The serum K/L ratio is however less frequently abnormal and stays normal in patients with Lambda chain lesions even when an abnormal Lambda immunoglobulin is detected in the urine. These variabilities can result in the less-common Lambda chain-associated lesions going undiagnosed. There is a high false negative rate for Lambda dominant K/L ratio in Lambda chain associated monoclonal gammopathy (89% for MGUS, 60% for SMM and 51% for MM). It is estimated that the overall excess false negative K/L ratio rate for Lambda chain lesions, compared to Kappa chain lesions, is approximately 30%. The high false negative rate for the Lambda dominant K/L ratio, in patients with Lambda chain neoplastic monoclonal gammopathies, may be due to under-detection of Lambda light chains, Lambda chains are not produced in as much excess as are Kappa chains resulting in lower rates of Lambda dominant K/L ratio in patient with Lambda light chain neoplastic monoclonal gammopathy, and overproduction of polyclonal Kappa light chains in Lambda chain monoclonal gammopathies, as is usually noted in patients receiving tertiary care.
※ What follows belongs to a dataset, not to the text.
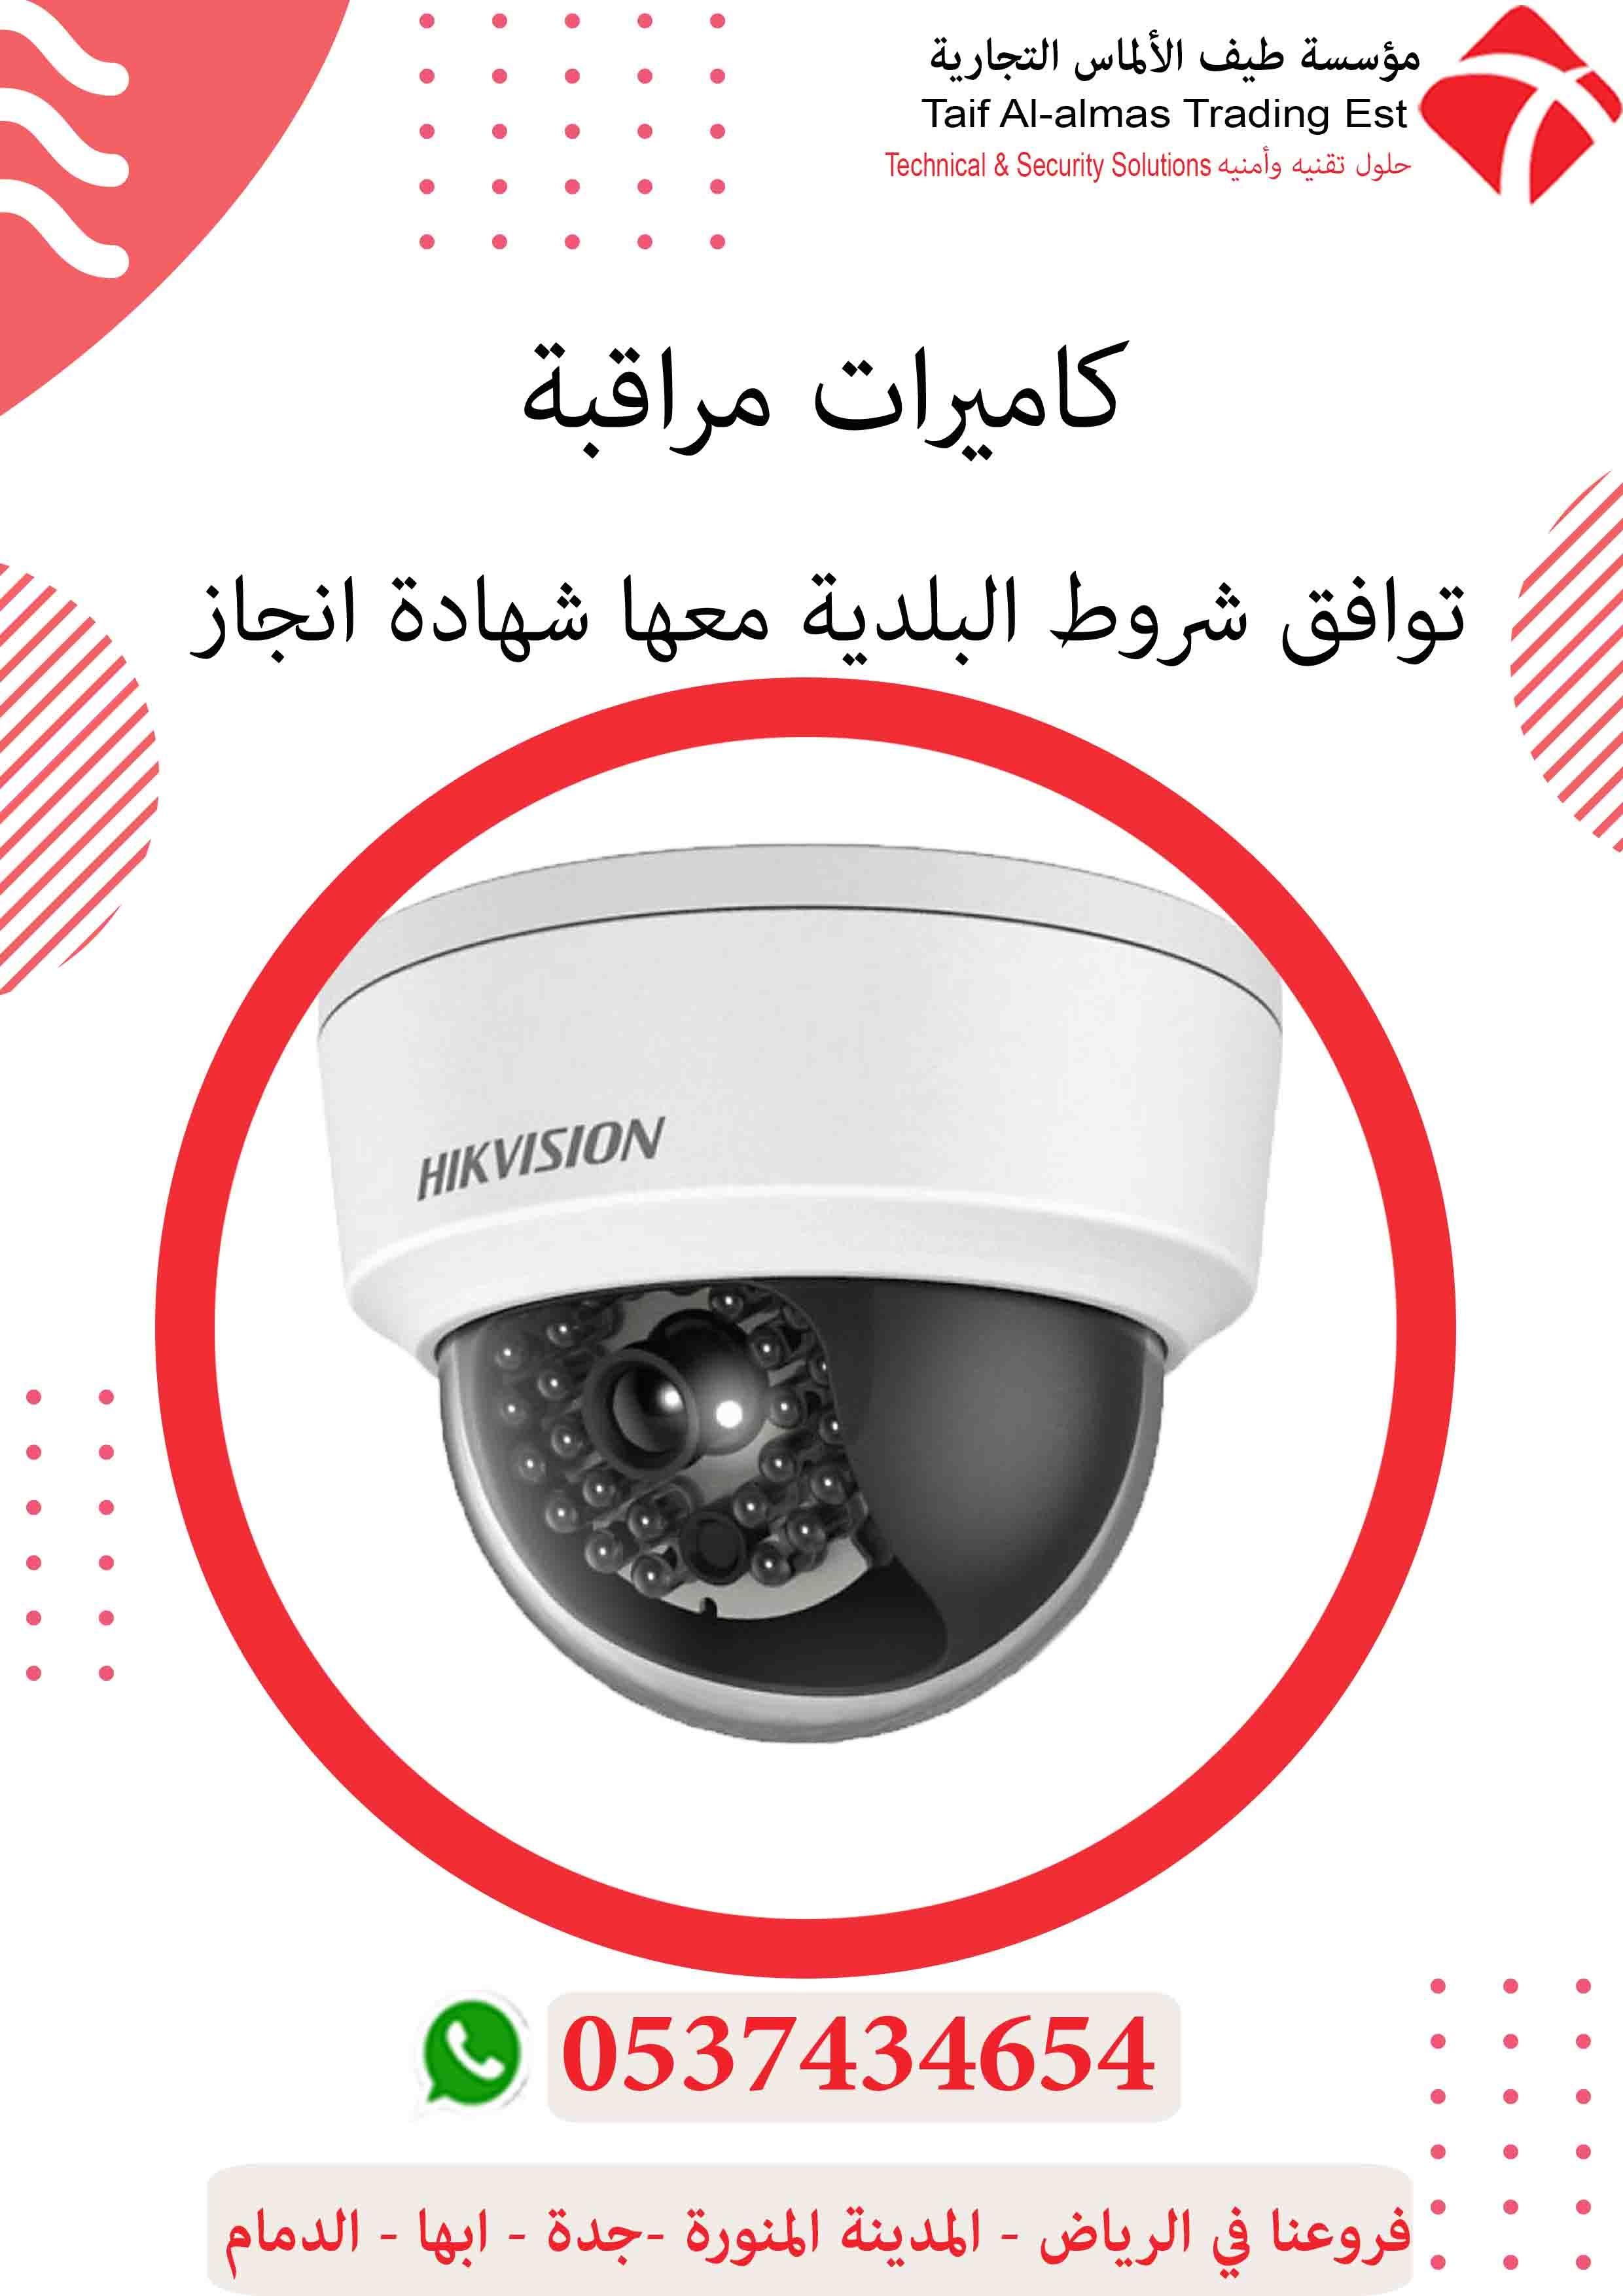 كاميرات مراقبة و عقد صيانة شهادة إنجاز Security Solutions Taif Cotton Candy Machine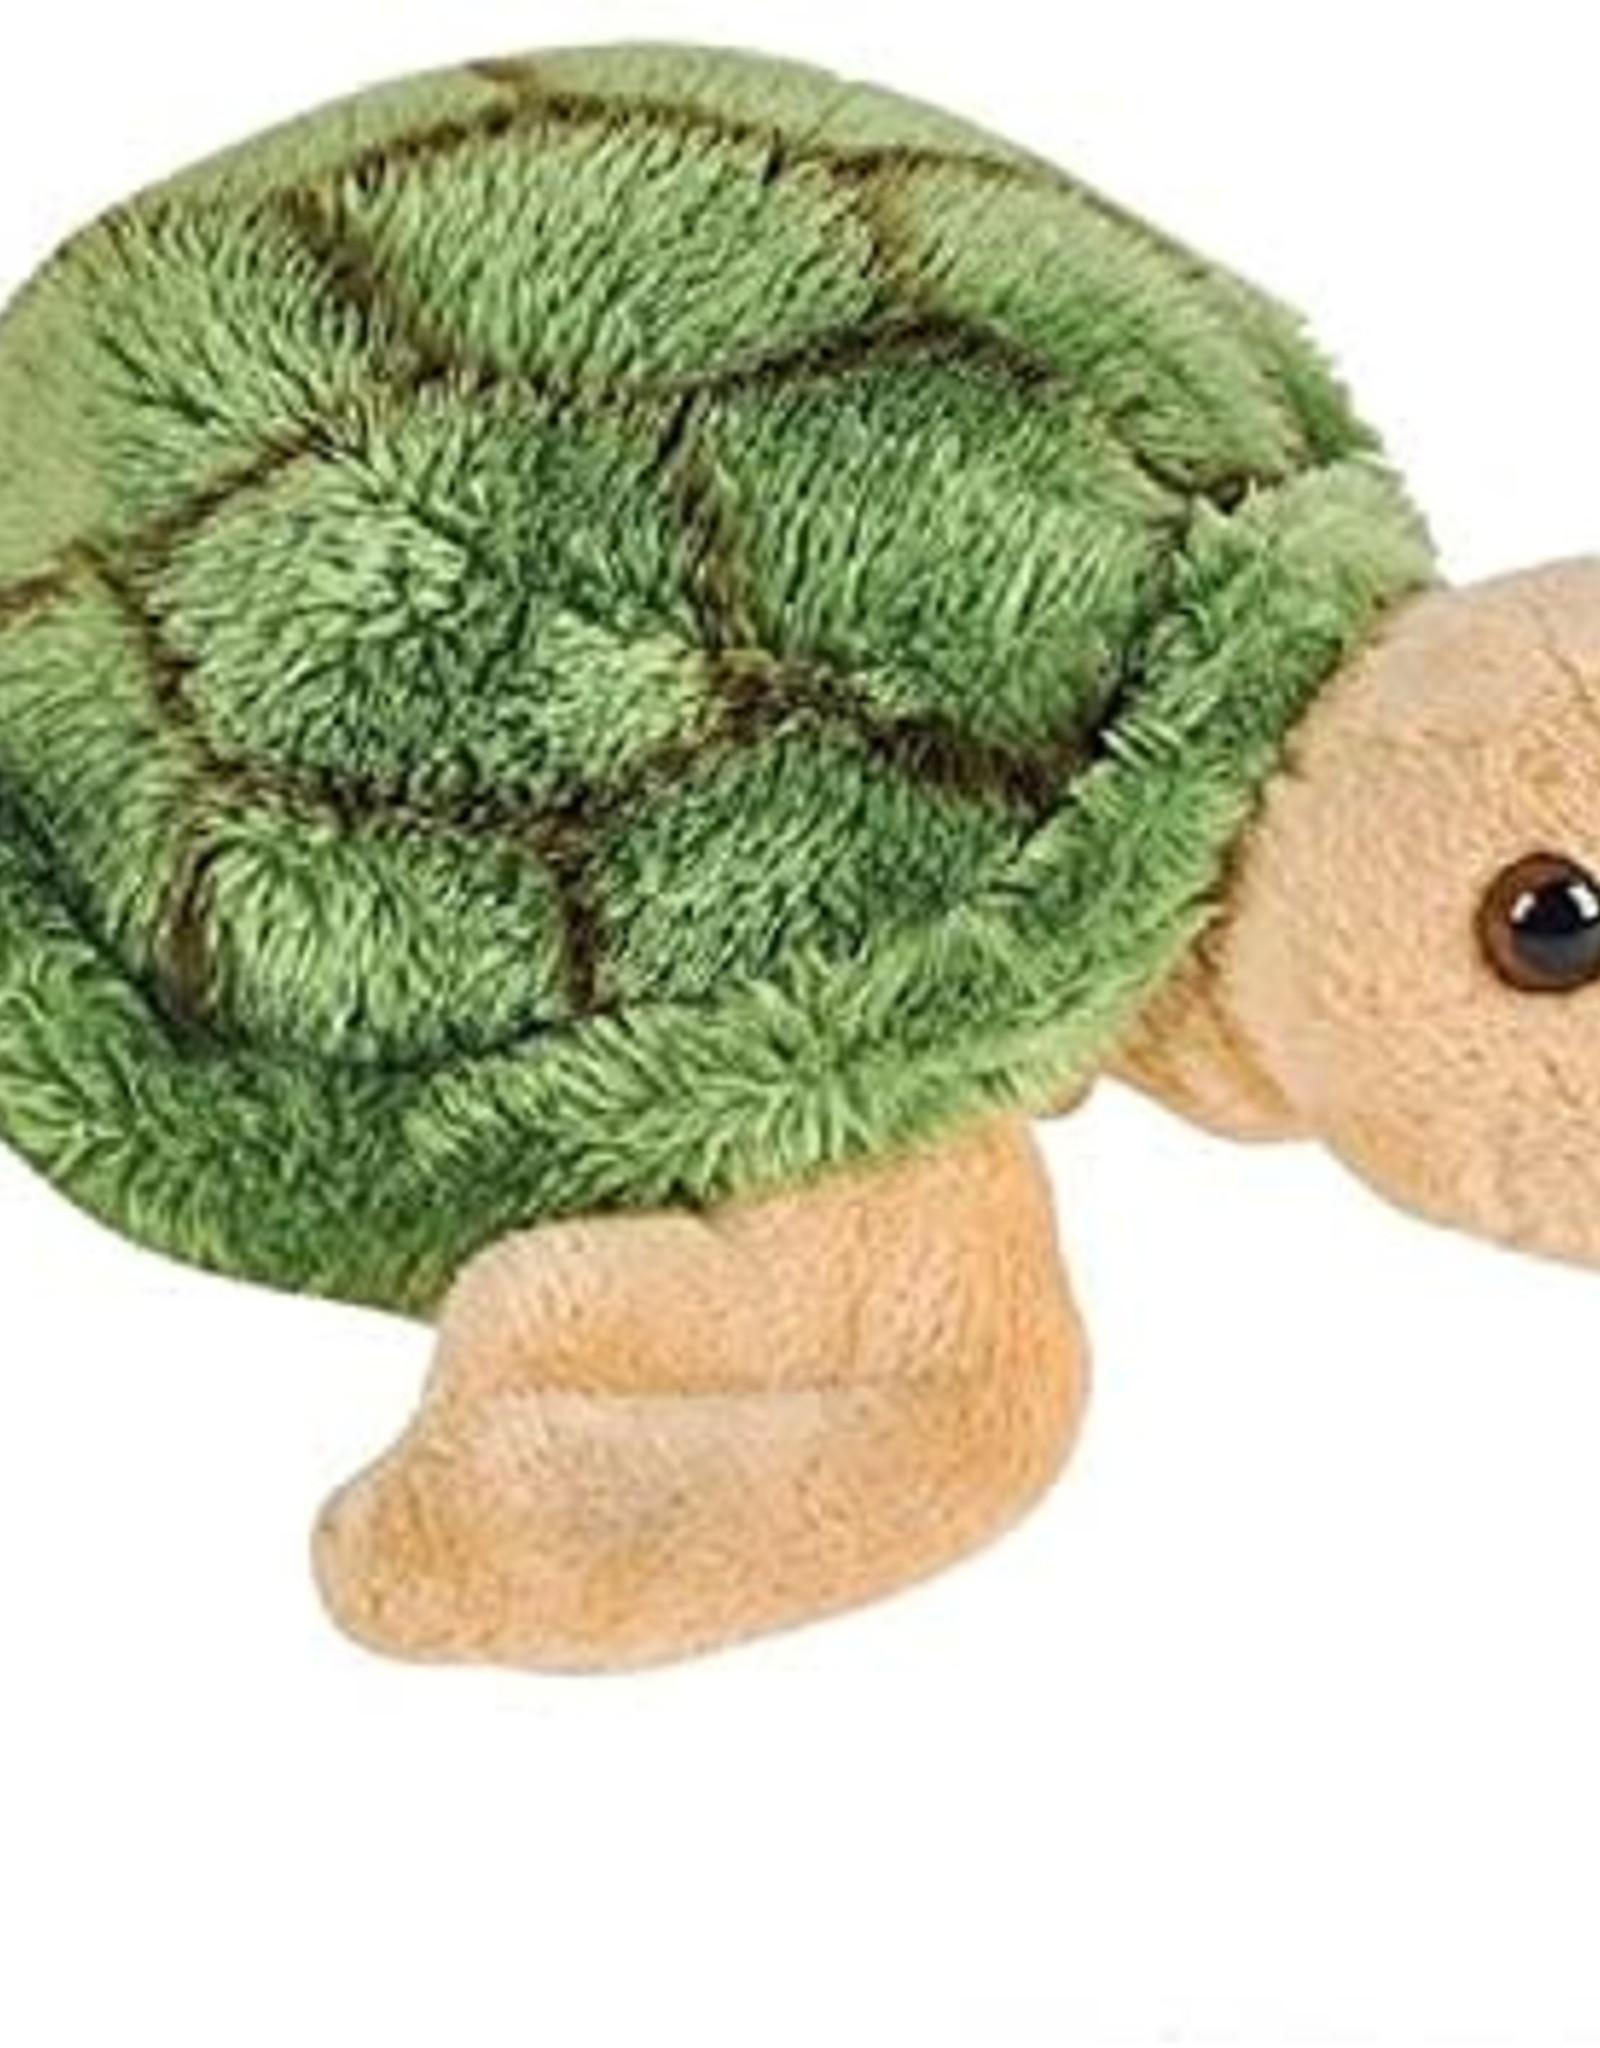 Small World Turtle

This study was undertaken by comparing the results of Serum and Urine Protein Electrophoreses with the results of Serum Free Light Chain Assay (SFLCA), to ascertain if the levels of overproduction of the Kappa and Lambda light chain types and their detection rates are different in patients with neoplastic monoclonal gammopathies. The authors performed a retrospective review of SPEP/SIFE, UPEP/UIFE, and SFLCA results from January 2010 through September 2017 from a total of 482 patients. Among these patients, 175 patients had a diagnosis of Neoplastic Monoclonal Gammopathy (MGUS, SMM or MM). , and evaluable results were available to address the questions of this study. Patients with Lymphomas and CLL were excluded.

The authors noted that the serum K/L ratios were appropriately abnormal more often in Kappa light chain disease. In contrast, in those with Lambda light chain disease, the K/L ratios were normal in about 25% of patients but free homogenous Lambda light chains were detectable in urine.

It was concluded that the serum Kappa/Lambda ratio in patients with Lambda light chain disease can be normal in a 25% of patients with Neoplastic Monoclonal Gammopathy and can be missed if not further evaluated with UPEP/UIFE. The authors comment that UPEP/UIFE is under- utilized and the study results question the medical necessity and clinical usefulness of the serum free light chain assay. Serum Free Light Chains in Neoplastic Monoclonal Gammopathies: Relative Under-Detection of Lambda Dominant Kappa/Lambda Ratio, and Underproduction of Free Lambda Light Chains, as Compared to Kappa Light Chains, in Patients With Neoplastic Monoclonal Gammopathies. Lee WS and Singh G. J Clin Med Res. 2018;10:562-569.